I’ve spent the majority of my almost 23 years of life being encouraged to un-busy my schedule. I am both a dreamer and a do-er at heart–I guess it is both my strength and weakness. Sometimes busy-ness can have its benefits. And my first day home in Redmond with my family, I reaped the benefits of the proceeding semi-hectic week. In the midst of my full schedule I didn’t really have a chance to form any expectations of what it would be like to come home after 6 months away. I think this was a blessings in disguise. When I arrived home Saturday evening I was met by my entire immediate family in our snow covered home. I kind of felt like I was living in a Christmas card. I went and saw my Grandparents who live next door. We made dinner together. Went to listen to my brother play guitar at Starbucks. Came home to decorate the Christmas tree (with Christmas music, of course).

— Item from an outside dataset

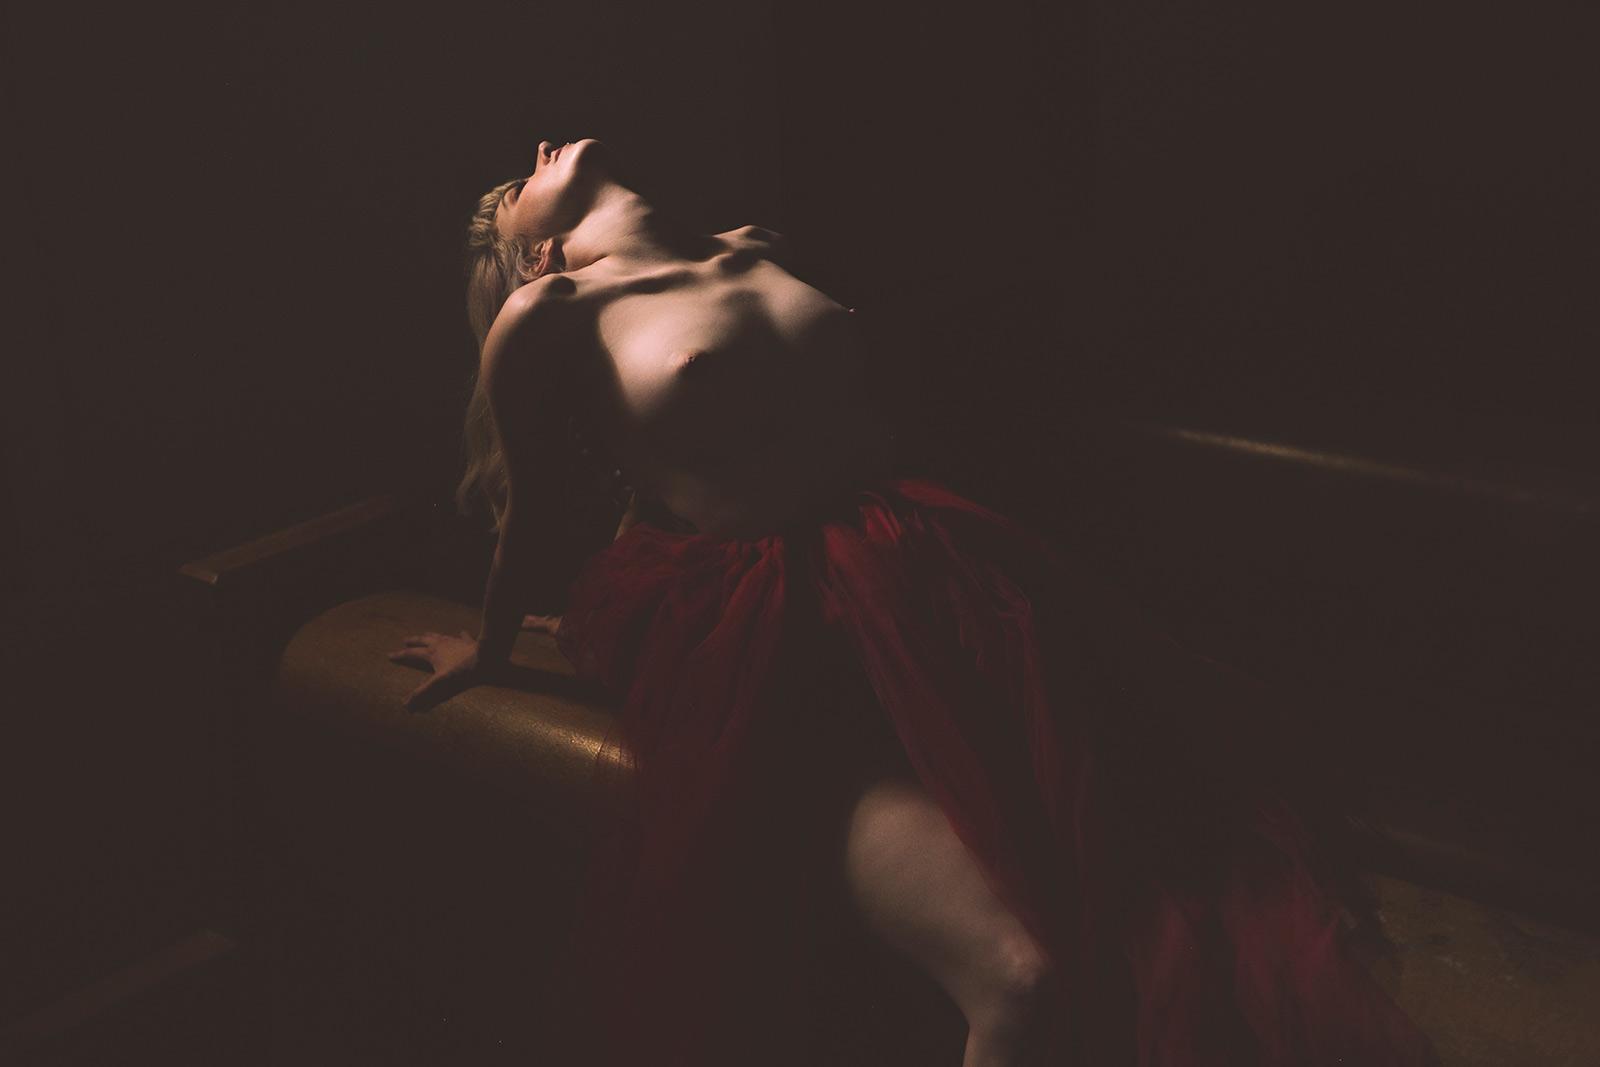 san-francisco-boudoir-photography

I think if I had formed grandiose expectations for my first night home I may have missed the blessings of this evening. My family isn’t perfect. An outsider looking in may beg to differ, but trust me we’re not. We have our dysfunctions, our pain, and at times our passive aggressive behavior. And those are the details only worth noting in blog-world.
There are two things that I realized that do make our six-some unique: intentionality and grace. Saturday evening each one of us was intentional to be in the same place. Not just the same location, but the same moment. There was an intentionality in each of our hearts that evening to be together. We joined in decorating with ornaments created in our 1st grade classes (trust me, these are not as cute as they may sound), entertaining my dear mom’s 100+ picture-taking craze, and belting Amy Grant’s “Rockin’ Around the Christmas Tree” (oh, wait…that was just me).

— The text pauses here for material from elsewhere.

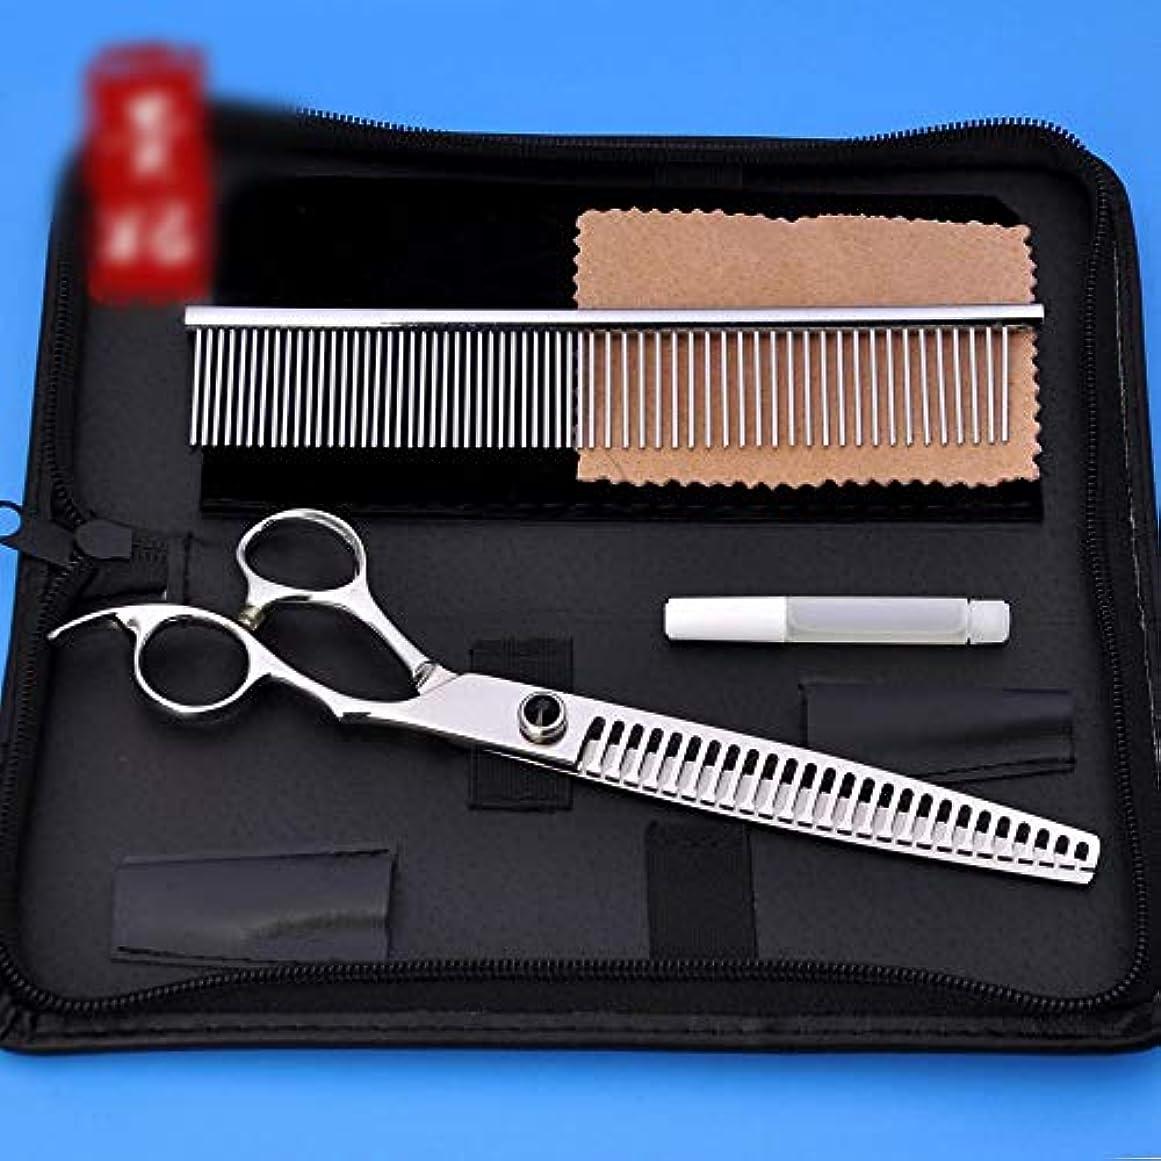 浸食塊軍団Hairdressing 8インチの魚の骨のペットのはさみ、ステンレス鋼のペットの髪のはさみ、ハイエンドのペットの髪のはさみの毛の切断はさみステンレス理髪師のはさみ (色 : Silver)

Such intentionality has not always been a part of our gatherings. Well, I can speak for myself anyway–it has not regularly been a part of my time with family. Maybe it is what happens when a member of the family moves 3,000 miles away or maybe there is something more. While the distance surely has played its part, I think there is a greater factor involved. Grace. I know I talk about it a lot, but it is what truly defines my life. Like I said, my family is not perfect (far, far from it). But in the midst of our imperfections, our heartache, our pain we have experienced God’s grace and have chosen to give grace to one another. This culture of grace giving has blossomed–and I think it created the atmosphere this snowy December evening for us to grow deeper in relationship with one another.
I know this season has both inexplicable pain and joy for many. While this year may seems to be the latter for me, it hasn’t always been. But my hope and prayer for both my family and yours is that you would give each other the greatest gift I’ve ever received–grace. Be intentional to be present, to embrace the moment, and to be together.
Oh, and laugh.
I know, I know, I’m not a “cat-person,” but my parent’s cat Mogli is a different one. Isn’t he cute?
The first time in awhile my dad chose to forgo the Charlie Brown Christmas tree…I love it! (Oh, and him, too!)